А один из присутствовавших мечтательно произнёс:
— Эх, ребята! Дожить бы нам до такого времени, чтобы шестёркой или восьмёркой зажать пару «мессеров», да дать им жизни, да загнать, сукиных детей, в землю! Вот это было бы дело… А то пишут и радуются: смотри-ка — трое против восемнадцати. Ах, как хорошо!.. Тьфу!
— Не плюй в землянке, — сказал наставительно самый старший из нас. И сказал, конечно, правильно — не столько по соображениям поддержания должной чистоты и гигиены в помещении, сколько по причине очевидной беспочвенности мечтаний предыдущего оратора.
«Дожить бы до такого времени!»
Дожили далеко не все. Но такое время пришло! Когда наша армия подошла к Берлину так же близко, как стоял противник под Москвой в сорок первом году, советские самолёты — вопреки всем правилам военного времени — летали бомбить и штурмовать подступы к вражеской столице с зажжёнными аэронавигационными огнями на крыльях и хвостовом оперении. Почему? Очень просто: опасность противодействия противника была к тому времени меньше, чем опасность просто столкнуться в темноте со своими же самолётами — настолько много их участвовало в этой операции.
Соотношение сил в воздухе стало в точности таким, о котором мечтали лётчики в той землянке суровой, холодной зимой сорок первого года.
…Итак, в одном из первых же воздушных боев Антипова крепко зажали «мессеры». Чтобы выйти из-под удара, хочешь не хочешь, надо маневрировать, причём маневрировать как можно более энергично. Через много лет после этого боя он рассказывал:
— Чувствую, что ещё секунда — и по мне дадут. Потянул ручку на себя: ничего, крутится «миг», дрожит весь, но не сваливается. Только краешком глаз вижу, что мне в концы крыльев упираются сзади какие-то полосы. Первое, что подумал: трассы! Но тут же усомнился: не могут же они так точно попадать именно по консолям, а главное, так устойчиво держаться — без перерыва и все по одному и тому же месту. Повернул голову: батюшки, оказывается, это жгуты срывные. Вот тебе и неманевренная машина! Виражит со струями с консолей, как тебе какой-нибудь «И-пятнадцатый», и в ус себе не дует!..

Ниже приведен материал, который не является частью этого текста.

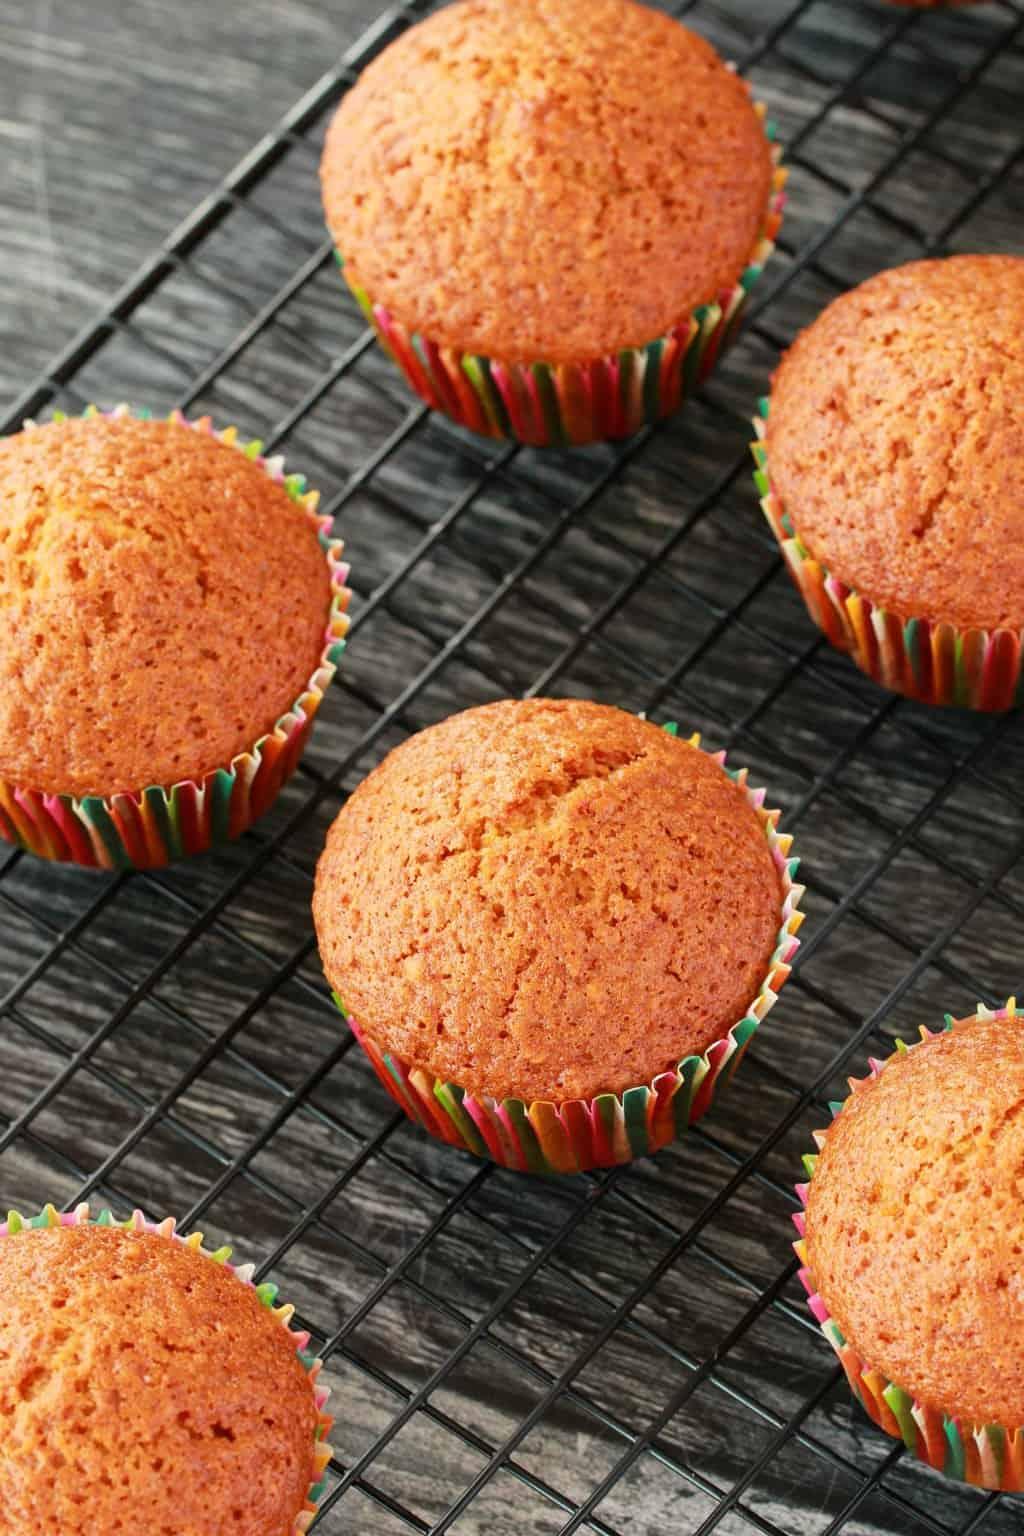 Making Vegan Peppermint Cupcakes #vegan #lovingitvegan #cupcakes #dairyfree #dessert

С тех пор взгляд на манёвренность «мига» у Антипова и его однополчан существенно изменился к лучшему. Не скоростью единой жив был этот самолёт. Впрочем, так часто бывает в жизни: увидев какое-то одно, доминирующее, наиболее ярко выраженное свойство, мы на его фоне не замечаем многого другого, пусть менее «профилирующего», что ли, но подчас весьма существенного. И не только при оценке самолётов…
Так что манёвренные возможности самолёта МиГ-3 оказались для многих наших лётчиков сюрпризом. Причём на этот раз сюрпризом приятным — неприятных и без того хватало.
Относительно же вооружения «мига» — три пулемёта, из которых два, хотя и чрезвычайно скорострельные, имели тот же калибр, что обычная винтовка, — дело обстояло, к сожалению, именно так, как показалось в первых же боях. Вооружение было слабоватое.
— Вот бы пушечку на «миг» — первая машина была бы! — говорили лётчики.
Но когда появился вариант «мига» с пушками, выяснилось, что усиление оружия обходится непомерно дорого — ценой ухудшения всех остальных боевых качеств перетяжеленного самолёта.
Калибр оружия, мощь огневого залпа — вещи для истребителя чрезвычайно важные. Но, как вскоре выяснилось, кроме всего этого, есть и иные очень важные вещи, в том числе одно далеко не последнее: надо уметь стрелять. Без такого умения никакой калибр не поможет. А для владеющего меткой стрельбой лётчика… Впрочем, вот конкретный случай.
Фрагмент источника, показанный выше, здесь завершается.